TRS hopes to play a role in case of hung Lok Sabha

(Sudhansu R Das)

With growing feeling after five rounds of polling that Center will have a coalition Government, regional players have started exploring the prospects of new alliances that may be built after announcement of results of poll for Lok Sabha on May 23, 2019. The first one to take the lead is K. Chandrashekhar Rao, Chief Minister of Telengana who called on regional leaders in States of Tamilnadu and Karnataka.

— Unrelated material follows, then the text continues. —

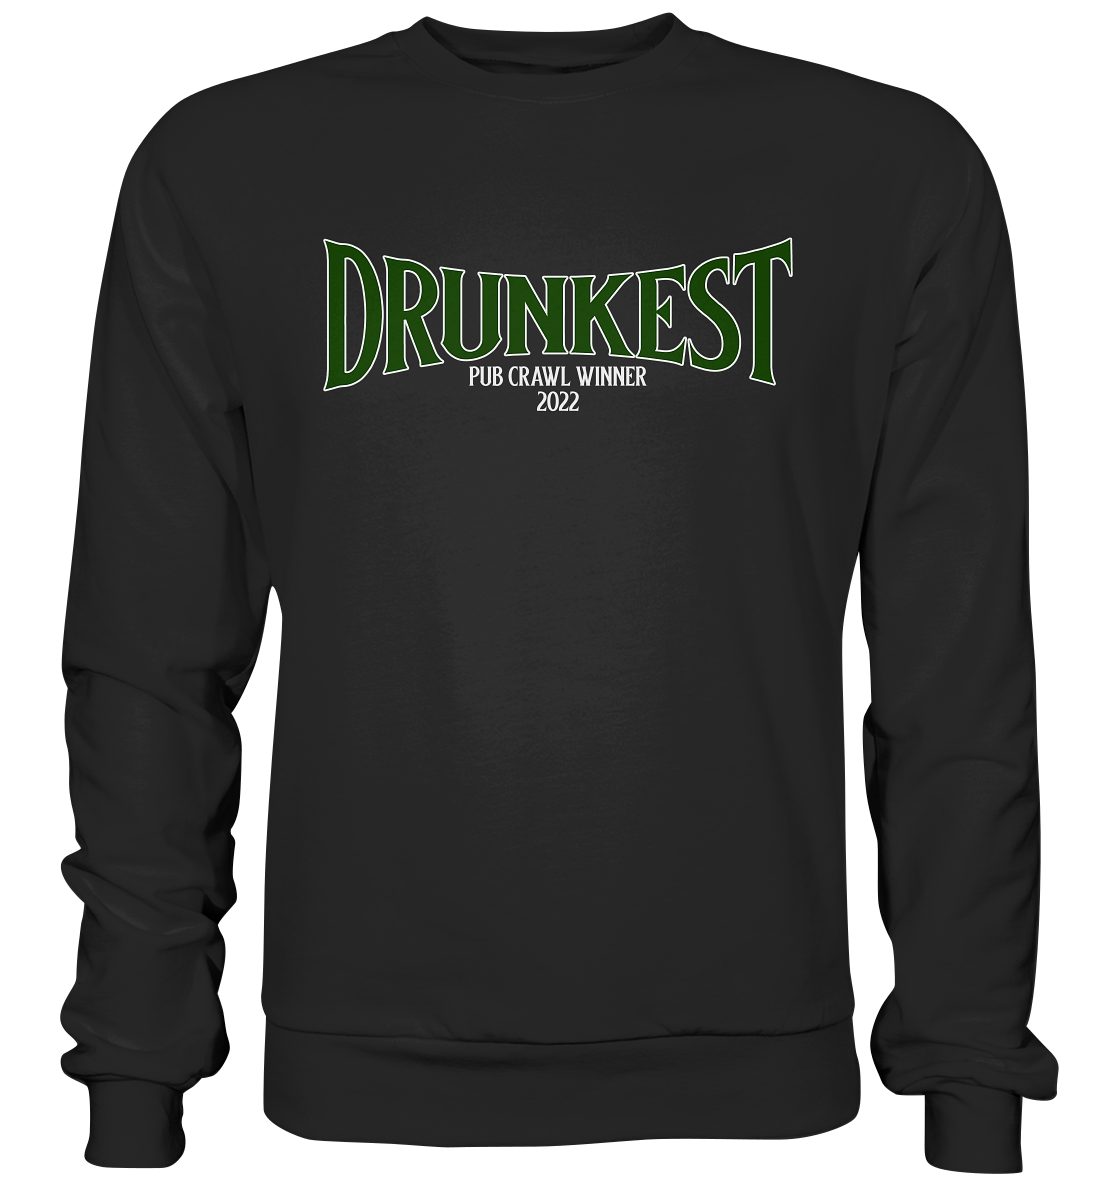 Drunkest "Pub Crawl Winner 2022" - Basic Sweatshirt

The political leaders in Telangana are no longer making a beeline before their favorite gods in temples after the Lok Sabha poll. There is no rush to the houses of astrologers and mega Yagnas in the temples are over. The leaders are now looking at their new God – the prospective Government at the centre.

The speculation is rife that the Telangana Rashtra Samithi (TRS), the regional party in power in Telangana will support NDA in the centre if it succeeds in government formation. There could be a possible u-turn from the pre-poll stance of TRS to form a non-Congress and non-BJP Federal Front. The party sources have reportedly said the support will be from outside to form the government at the centre. With 100 out of 110 MLAs, TRS is in a very strong position in the state to take a political risk in supporting centrist parties in government formation.

TRS supremo, K Chandrashekar Rao is apt in making political risk analysis as he knows very well the cost of living away from the government at the centre. Over the years the champion of the Telangana movement has emerged as the single political voice in the state. The Telugu Desam Party has become extinct in Telangana as it had not fought the parliamentary election in the state and has decided to remain away from the coming Local Body Elections. Besides, 11 Congress MLAs have already joined TRS and the Congress leaders fear a possible merger of Congress with TRS.

Telangana has witnessed an average 62.69% voting in the 17 Lok Sabha constituencies. A little above 37 % of people, the majority of them are educated, have not cast their votes. This shows the educated and conscious people who can be game changers find a vacuum in the field of quality political leadership in the state. The non-participation of qualified voters also mitigates the TRS’ risk of supporting any centrist party in government formation. Politicians in the state know the educated game changers have lost their relevance due to their apathy to the election process and the scarcity of capable candidates in the fray.

TRS, in fact, thrives on the centrist parties’ inability to articulate the multiple socio-economic problems concerning the human development index of the state. Their political programs have failed to motivate 38% of the absentee voters who could have influenced the election result. More than 70% of the young voters in the age group of 18 to 26 stayed away from voting.

In the backdrop of voters’ aloofness, TRS is most likely to win more than 12 Lok Sabha seats which could help TRS to bargain with the centre for more financial benefits and central projects for the state. A seasoned politician, KCR is out to take a risk from a very safe position.

The prospect of supporting NDA in the government formation is in fact not free from risk. CPI-M supported UPA in 2004 from outside with 61 MPs after fighting UPA’s policies in the mohallas, streets and in the parliament. It enjoyed power with UPA I but lost its vote base. Its strength in the parliament reduced to 11 and its growth was retarded. It lost its support base in West Bengal, Tripura, and Kerala.

For TRS, it is not a huge risk because the party is run by one man, K Chandrasekar Rao who does not have cadres, fed with party ideologies like CPI-M and BJP. The people of Telangana still look at KCR as the protector of Telangana interest. The BJP after losing the support of its traditional ally, TDS will be more inclined to get TRS support. The All India Majlis-e-Ittehad-ul-Muslimeen (AIMIM), the ardent critic of the Modi government may not like TRS extending support to the BJP government in the centre. Being in a strong position, TRS may take the risk of losing AIMIM support for more central benefits.

Over the years, K Chandrasekhar Rao has taken many smart populist measures to safeguard his vote base. But KCR is still miles away from a pan India appeal. Since it is a Lok Sabha election, the result may swing in favor of the centrist parties in some constituencies of Telangana.